Слуга обошел машину, сел за руль и произнёс, обращаясь ко мне:
— Ну, можно объявление в газету подать. Или на остановках расклеить. Написать «покинул дом и не вернулся».
— Идея хорошая, — согласился я. — А если за информацию еще и денег пообещать…
При упоминании о тратах щека Фомы предательски дернулась:
— Да и так расскажут, вашество, — торопливо произнес он.
— Расскажут, — не стал отрицать я. — Но за плату сделают это быстрее и охотнее.
Слуга вздохнул, видимо, признавая мою правоту. А затем уточнил:
— Куда едем, вашество? В газету?
— Зачем? — не понял я.
— Ну так объявление давать.
— А, нет.
Я вынул из кармана телефон, нашел в адресной книге номер Литвиновой, и нажал на вызов. Лиза взяла трубку быстро:
— Слушаю вас, Павел Филиппович, — послышался в динамике ее настороженный голос.

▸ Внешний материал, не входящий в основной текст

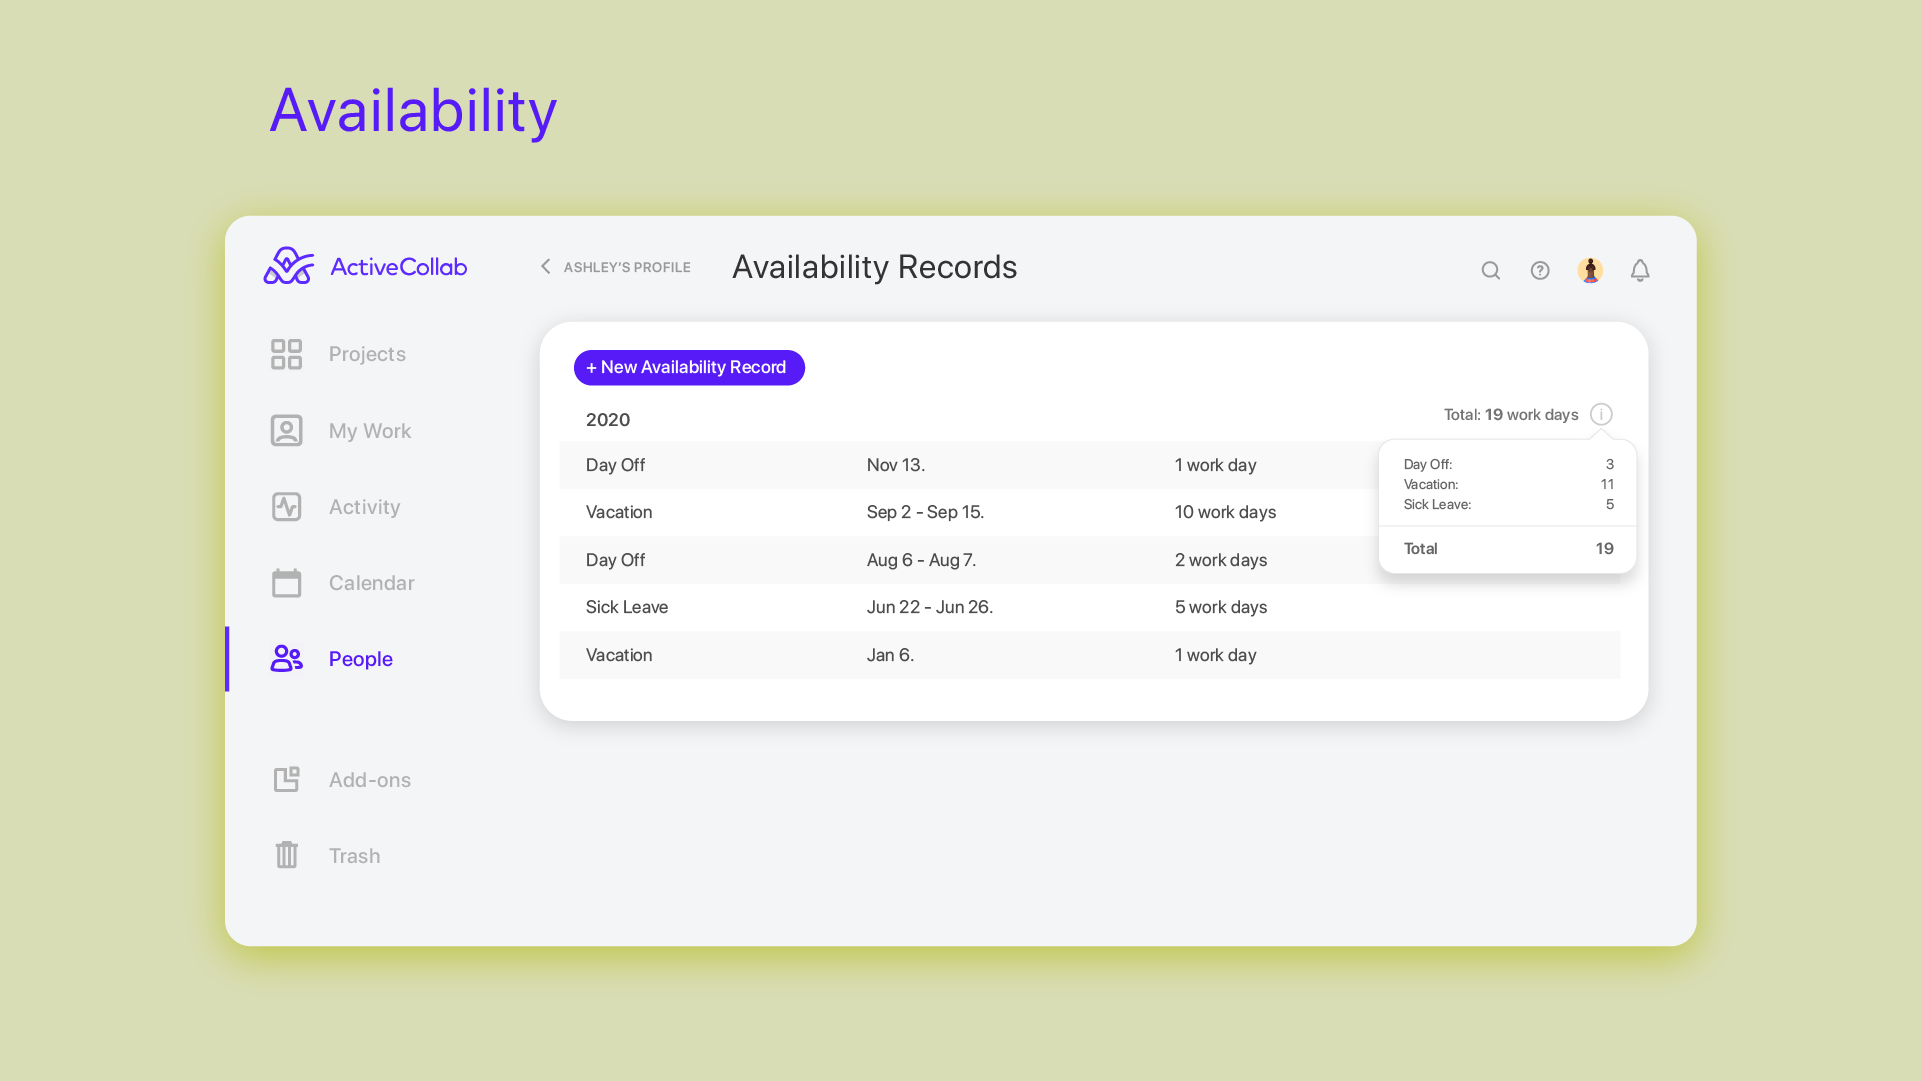 Everyone’s availability at a glance

— Простите, я совсем забыл уточнить. Вы говорили, что друзья у Ильи были из приютских.
— Да, — растерянно произнесла Лиза.
— А в каком приюте воспитывался ваш муж?
— Приют святого Петра, — ответила Литвинова.
— Спасибо, — поблагодарил я собеседницу и отменил вызов. Убрал телефон в карман и обернулся к Фоме:
— Знаешь, где приют святого Петра?
Слуга кивнул:
— Так как же не знать? Почитай в центре.
— Тогда поехали, — распорядился я и Фома завел двигатель.
Приют Святого Петра и правда был почти в самом центре. Двухэтажное здание из красного кирпича спряталось за большим храмом, у ворот которого стоял величественный памятник, изображающий парня, который сидел на вставшем на дыбы коне. На всаднике был военный мундир, а в правой руке тот держал саблю.
Статуя была частью скульптурной группы, которая называлась «Великая Империя». В эту саму группу входили четыре фигуры, которые были расставлены у крупных сборов города. Эта статуя называлась «Рождение». Пётр вел объединившиеся дружины в бой за свободу и независимость.
Фома остановил «Империал» у ворот и обернулся его мне:
— Прибыли, вашество.
Я кивнул и вышел из салона. Потянулся, одернул полы пиджака и поправил узел галстука. А потом неспешно пошел по широкой, мощеной брусчаткой дороге к створкам ворот. Раздал просящим мелкие купюры, которые мне предусмотрительно выделила для подобных трат Виноградова, и вошел на территорию храма.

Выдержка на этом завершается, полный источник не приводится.